I just decided that, if it were me, and my world came down, I’d want the people who were my real friends to show up
Conacher was working for Altamont Capital Partners in Palo Alto, Calif., when Armstrong called him about a year ago seeking advice. He did not disappear post-Oprah, but had begun a process of reinvention, launching a hugely popular cycling-focused podcast, The Move, in 2017, and following it up with The Forward, a podcast featuring chats with other sports and celebrity notables, including former Dallas Cowboys quarterback Troy Aikman, skier Bode Miller and rocker Sammy Hagar.
Millions have downloaded the podcasts and, as Armstrong would explain to Conacher, people were constantly soliciting his input on sports products: what worked, what didn’t, which were best? Armstrong knew gear — and marketing. He is still the guy who won sports’ toughest endurance race seven times by beating a field now widely acknowledged to have been just as dirty as he was. What he wanted to know, Conacher says, was whether his “time out” was over, and whether there might be a way for him to launch a fund in the wellness space?
Conacher didn’t have an immediate answer, but promised Armstrong he would kick some tires among the Silicon Valley venture-capital crowd to determine if the “pendulum” on him had swung to potentially viable sports-tech investor from sports villain. Runners, cyclists and weekend warrior gearheads of all sorts buy into a global wellness industry valued at several trillion dollars. The verdict around Silicon Valley was Armstrong’s past wasn’t an issue. More important for Conacher was the word of his wife, Joan Dea, a former chief strategist at Bank of Montreal. She currently sits on the board at Charles Schwab Corp. and is an angel investor in female-led startups. Dea spent hours with Armstrong before giving her husband the thumbs-up to give him advice as well as to go into business. “I said to Lance, ‘If you want a partner, I’ll do it with you,’” Conacher says. “And he said, “Really?” And I said, yep.”

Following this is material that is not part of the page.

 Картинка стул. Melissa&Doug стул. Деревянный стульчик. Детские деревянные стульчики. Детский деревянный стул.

Their firm, Next Ventures, is “designed to maximize growth opportunities in the exploding sports, fitness, nutrition and wellness markets,” according to its website. Part of the appeal is the alchemy between its two general partners. Much like Armstrong, the 56-year-old Conacher is ultra-competitive. He was a top college decathlete at Dartmouth College in New Hampshire and is now a five-mornings-a-week California surfer with good genes and size — he is almost two metres tall — a combination that produces some friendly athletic tests with Armstrong.
I said to Lance, ‘If you want a partner, I’ll do it with you.’ And he said, ‘Really?’ And I said, yep
Conacher admits the former cyclist “crushes” him in running and swimming, and is about 20% faster on a bike. Both men are terrible at golf. Where Conacher holds a decisive edge is as a skier, surfer and possessor of knowledge around the intricacies of corporate governance, deal structuring and company valuations.

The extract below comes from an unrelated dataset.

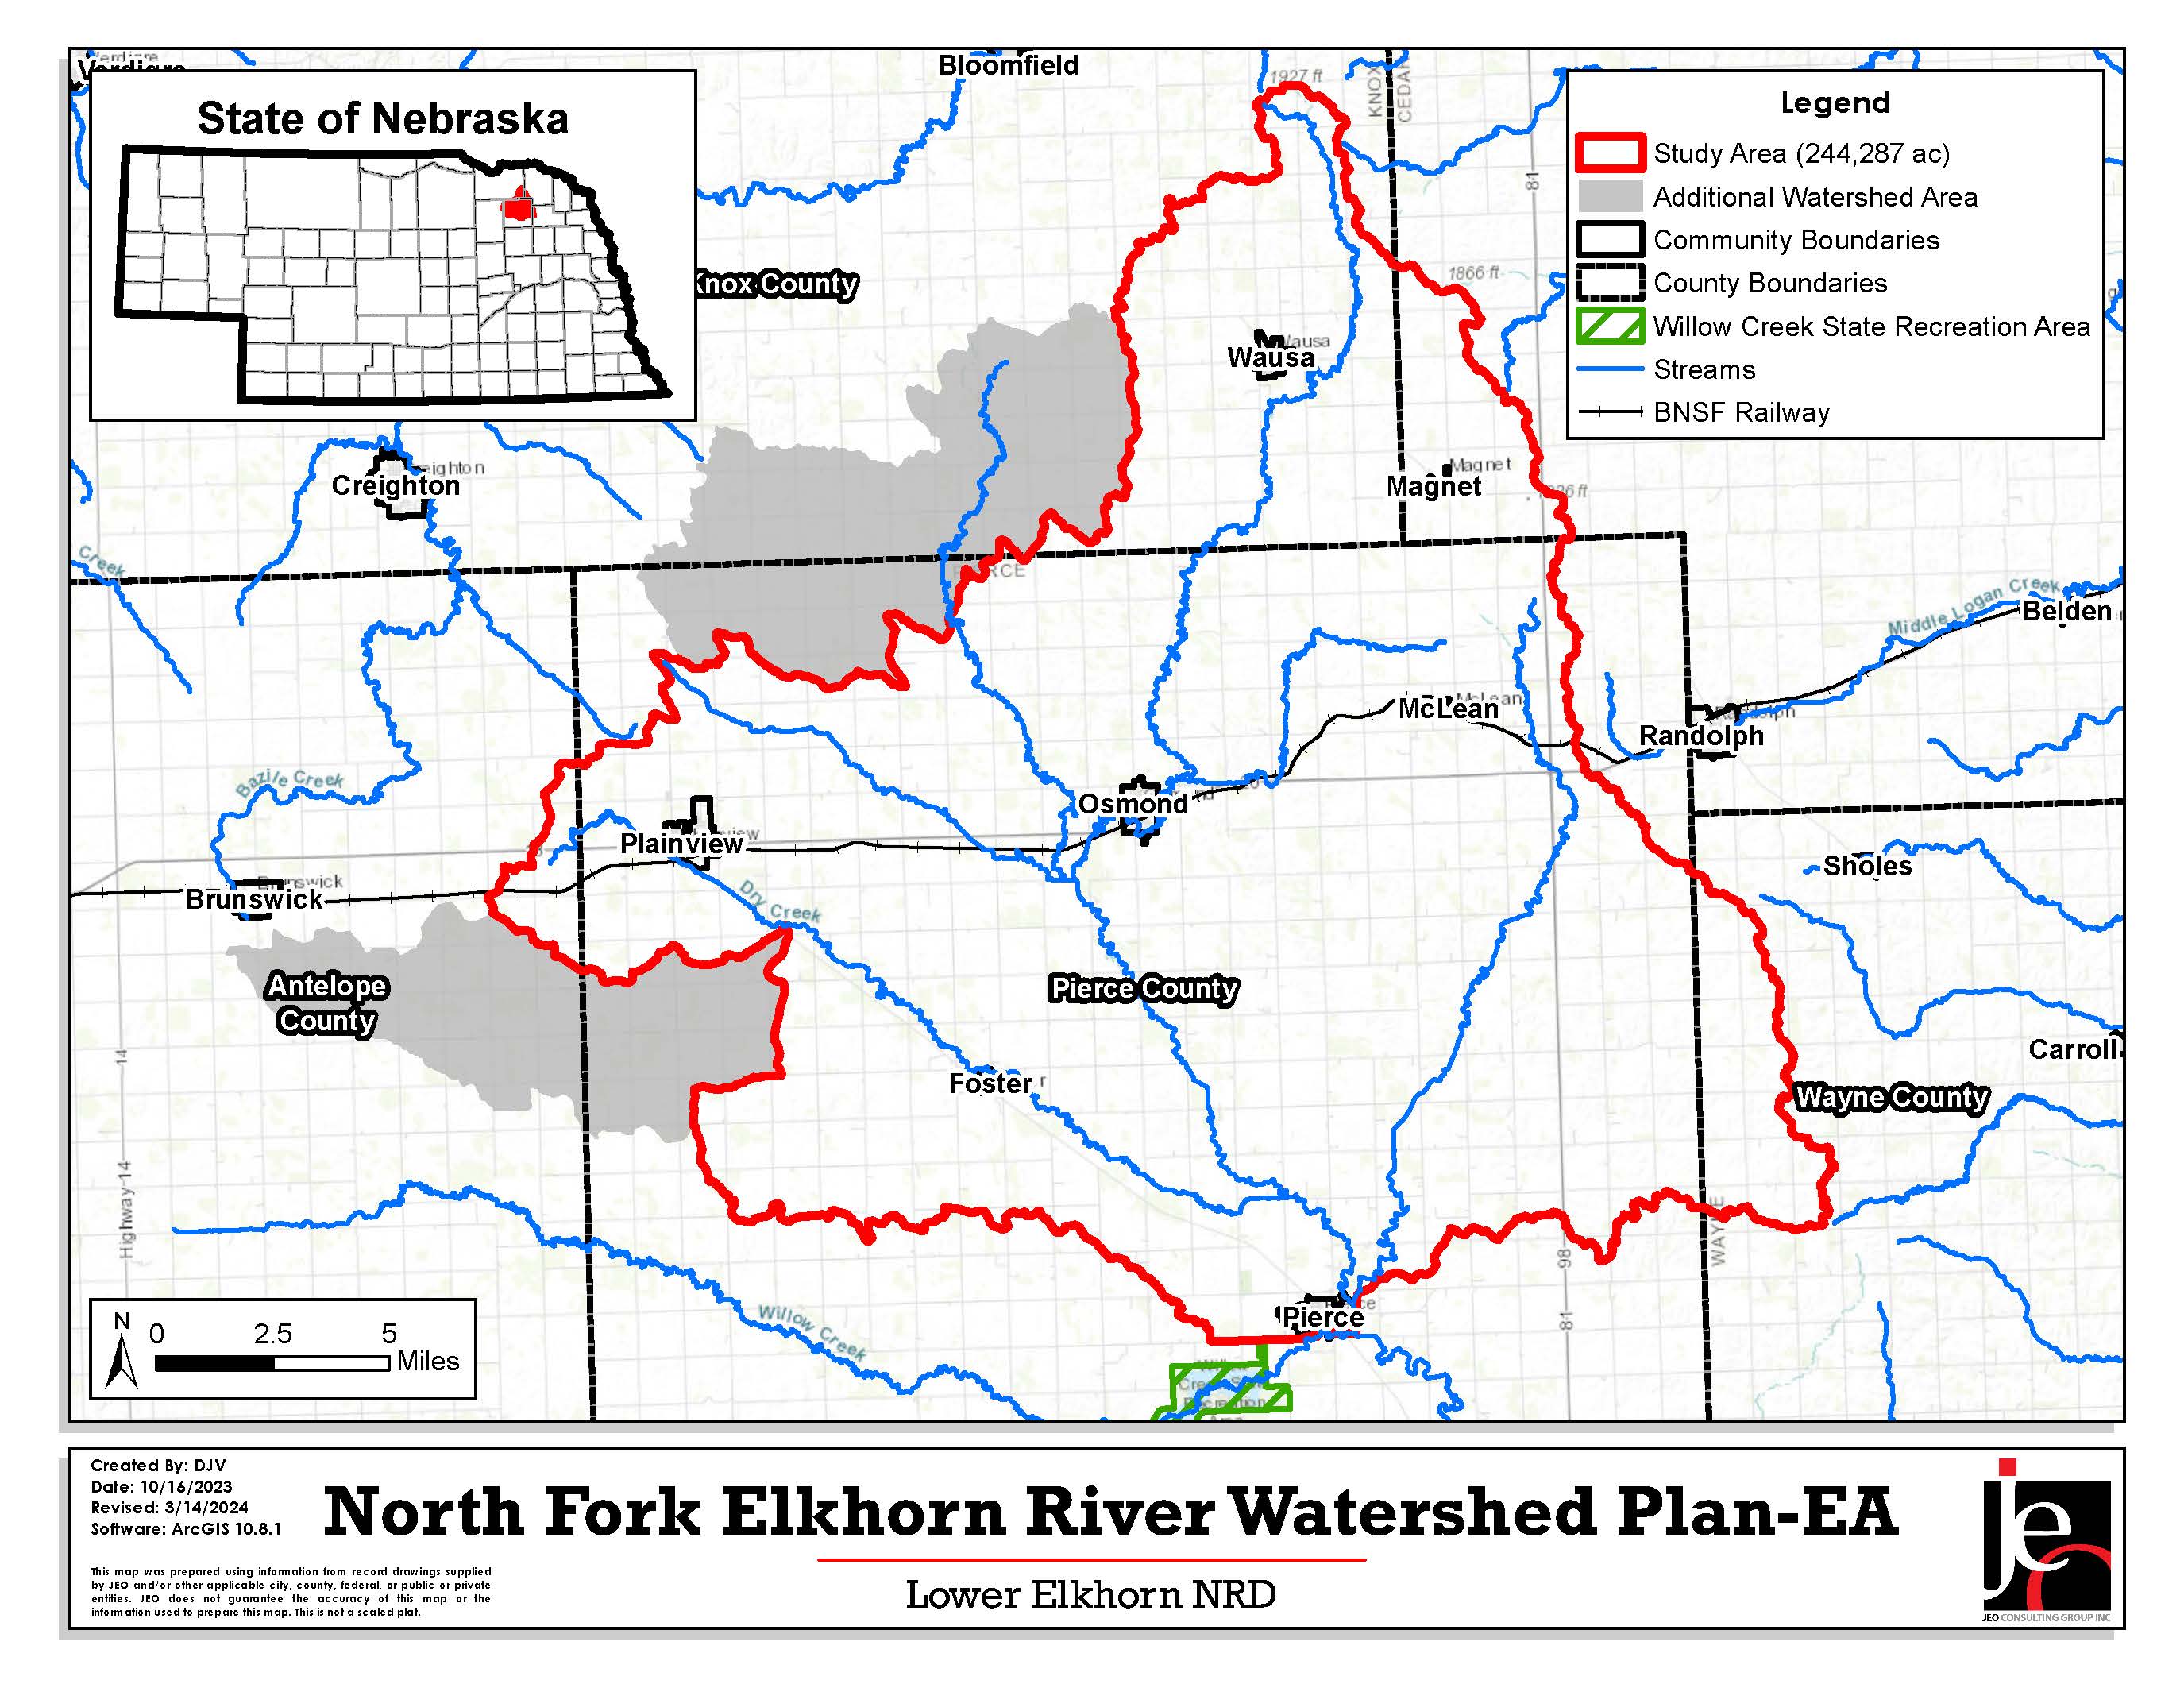 North Fork Elkhorn River Watershed Plan-EA

Armstrong brings his own strengths, including a global network of contacts, a global audience in the digital space and the core belief as an investor — and this is a guy who got in early on Uber Technologies Inc. and Docusign Inc. — that a company’s most valuable commodity is its people. “I invest in talent and hard work,” Armstrong says.

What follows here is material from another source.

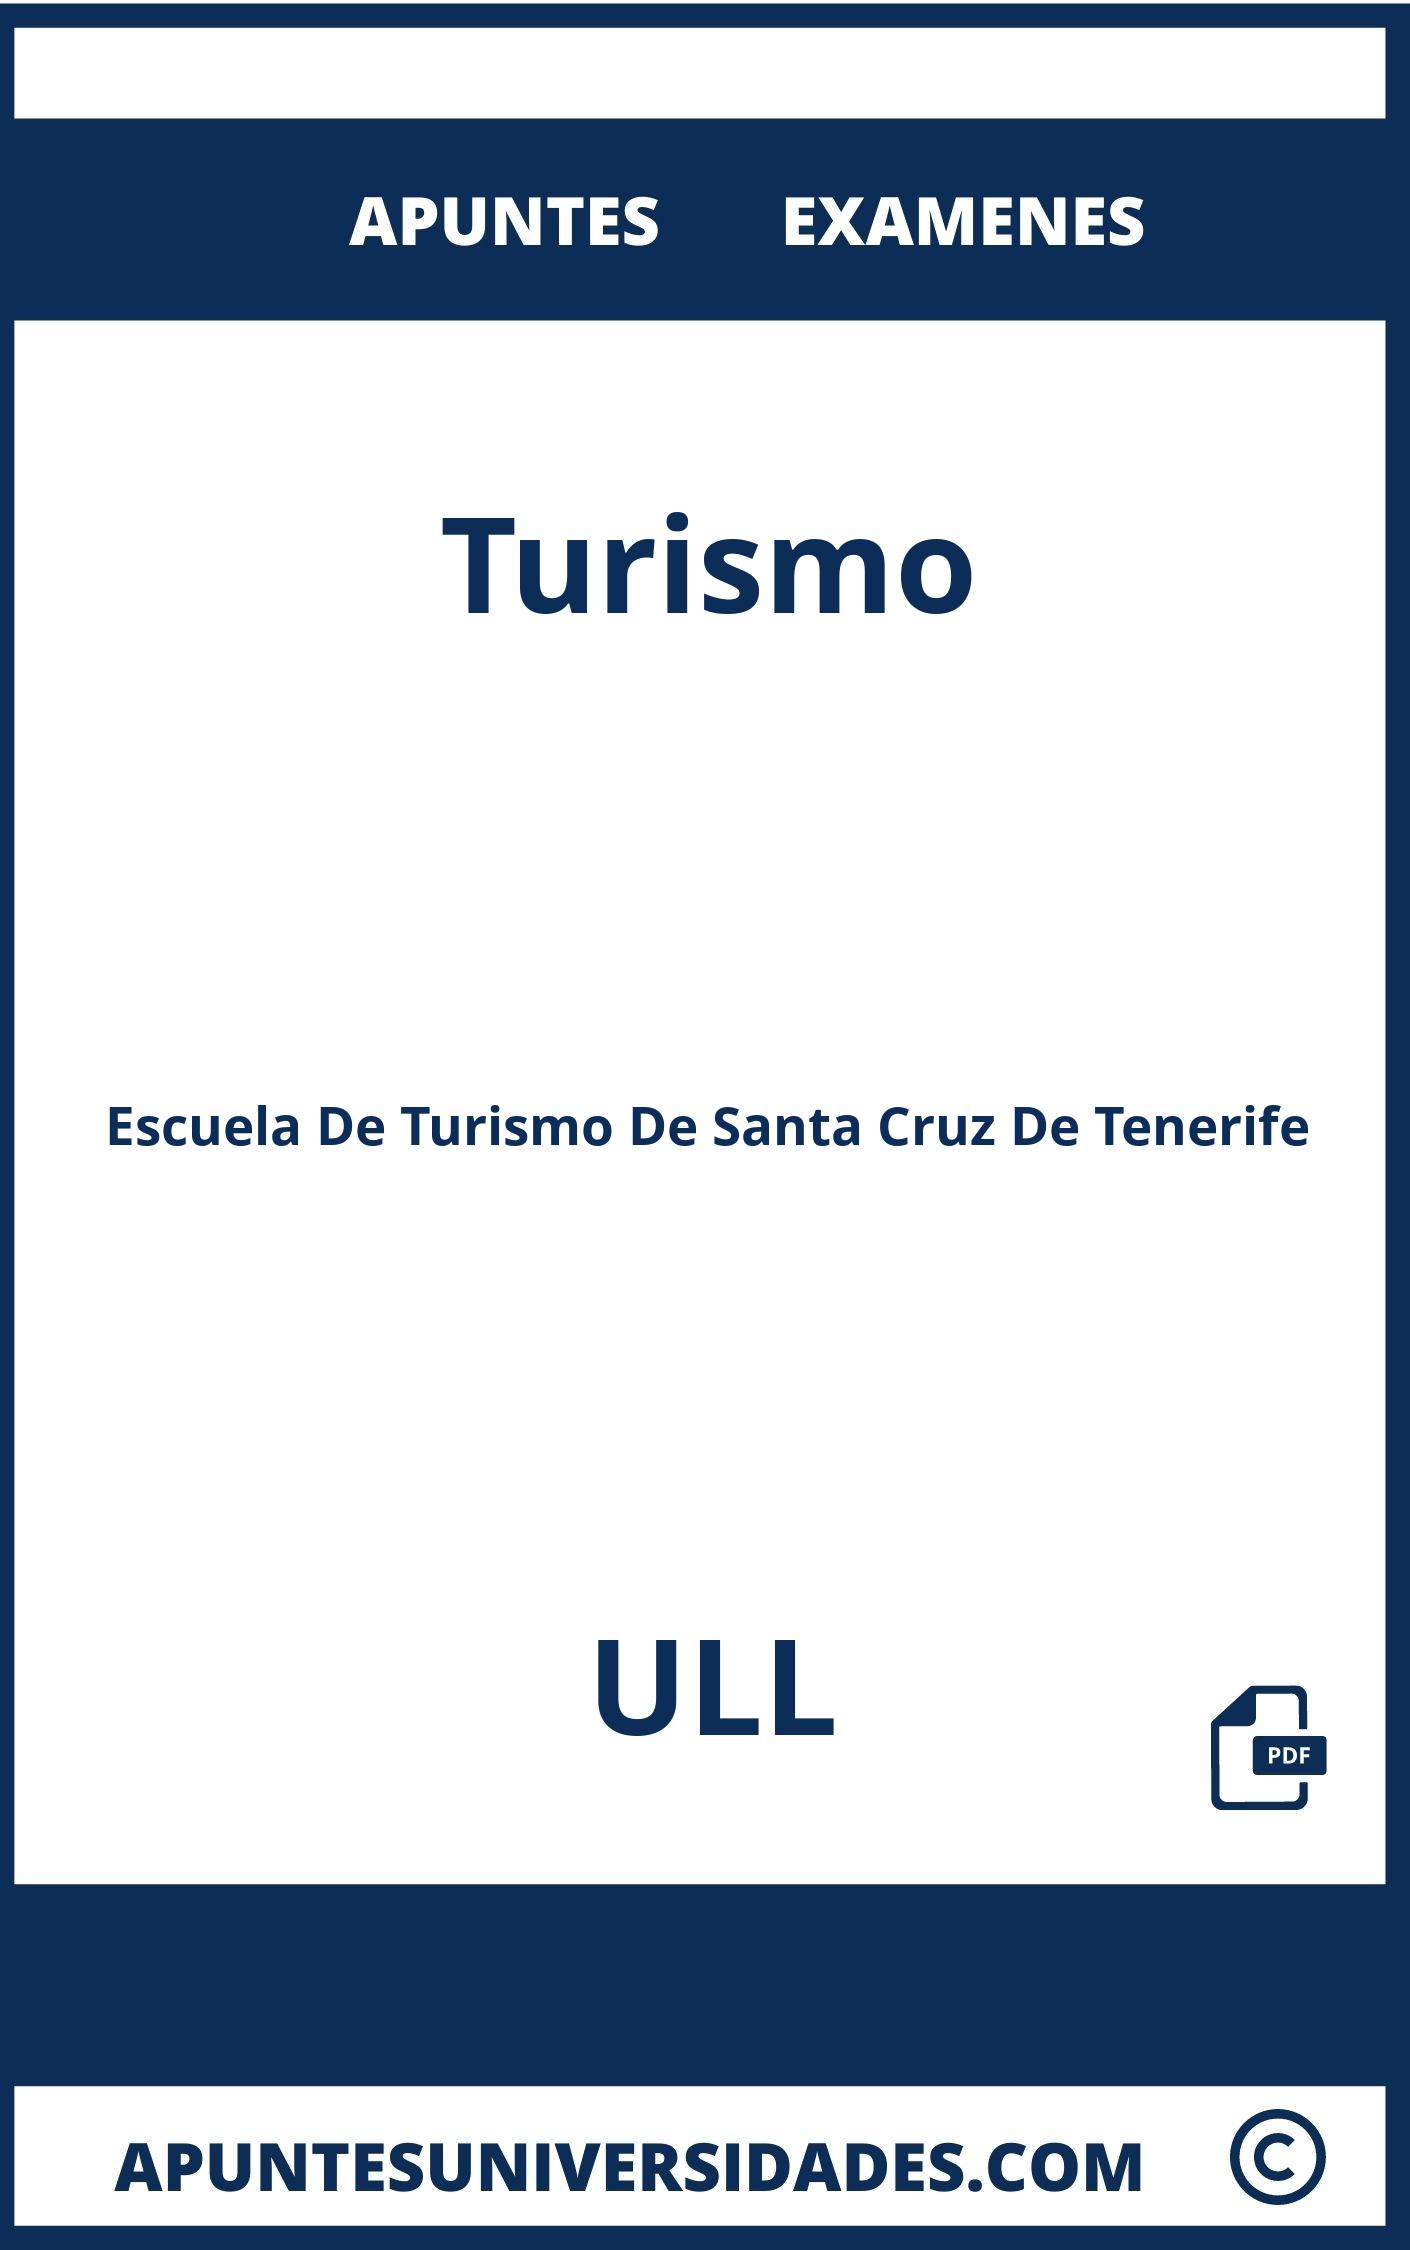 Apuntes Examenes Turismo ULL

In that regard, Armstrong and Conacher are invested in one another, crisscrossing North America to raise capital, and positioning their firm as a second- or third-round investor in wellness gadgets, including PowerDot, a portable electro-muscle stimulator controlled by a smartphone app, and Oura Ring, which measures heart rate, body temperature and movement while you sleep.
On the side, Conacher is working on a documentary about his grandfather with his son, the actor Lionel Charles Conacher, better known as Chas. It is the story of a Canadian sports hero. Lance Armstrong knows it well.